* _Work instruction_
Below are entries; copy exactly the lines from the one with "Hand-knotted Ushak Cream, Dark" through the one with "Bali Black Andesite", both included, and leave out the rest.

* _Extracted records_
+ + + + +
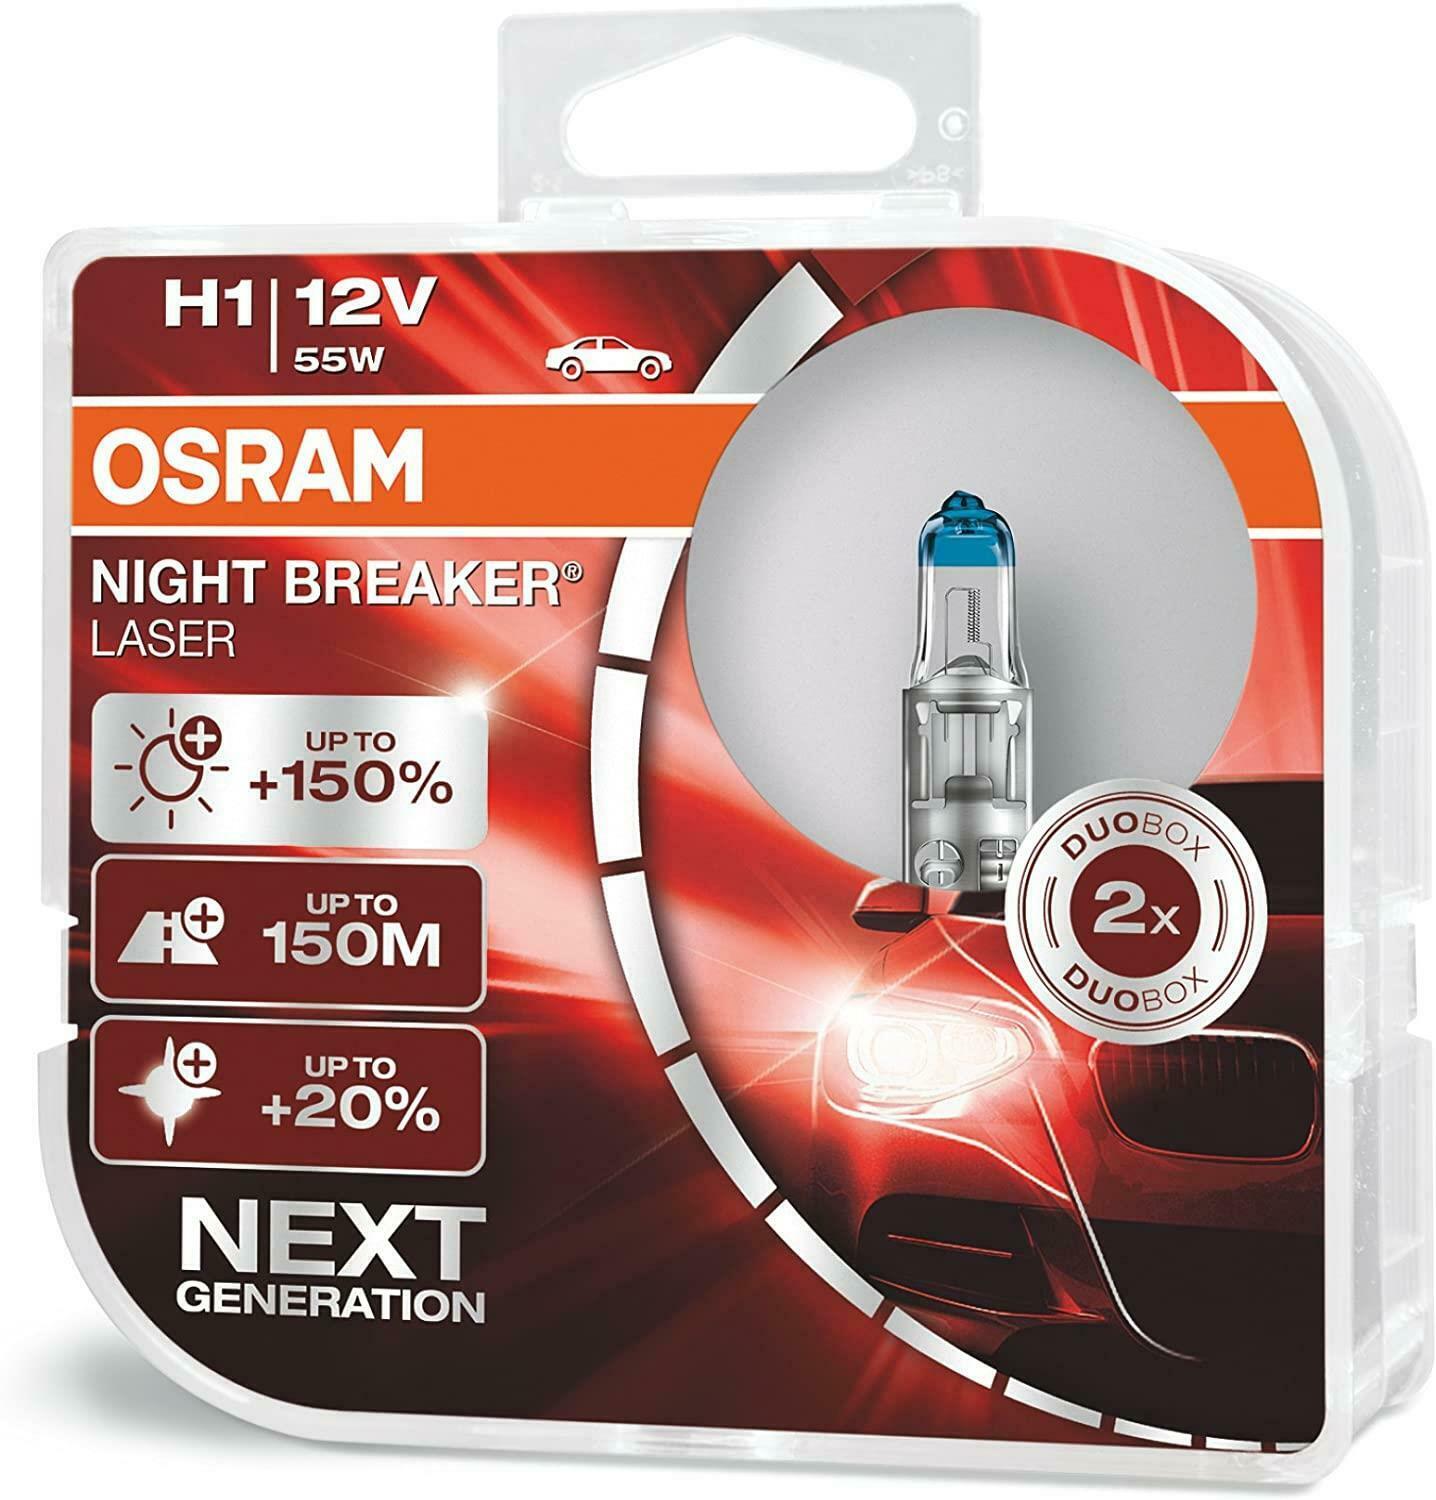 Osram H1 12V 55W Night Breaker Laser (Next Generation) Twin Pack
+ + + + +
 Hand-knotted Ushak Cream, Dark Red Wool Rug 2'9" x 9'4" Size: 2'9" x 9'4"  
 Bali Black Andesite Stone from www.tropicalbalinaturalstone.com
+ + + + +
* _Response_
 Hand-knotted Ushak Cream, Dark Red Wool Rug 2'9" x 9'4" Size: 2'9" x 9'4"  
 Bali Black Andesite Stone from www.tropicalbalinaturalstone.com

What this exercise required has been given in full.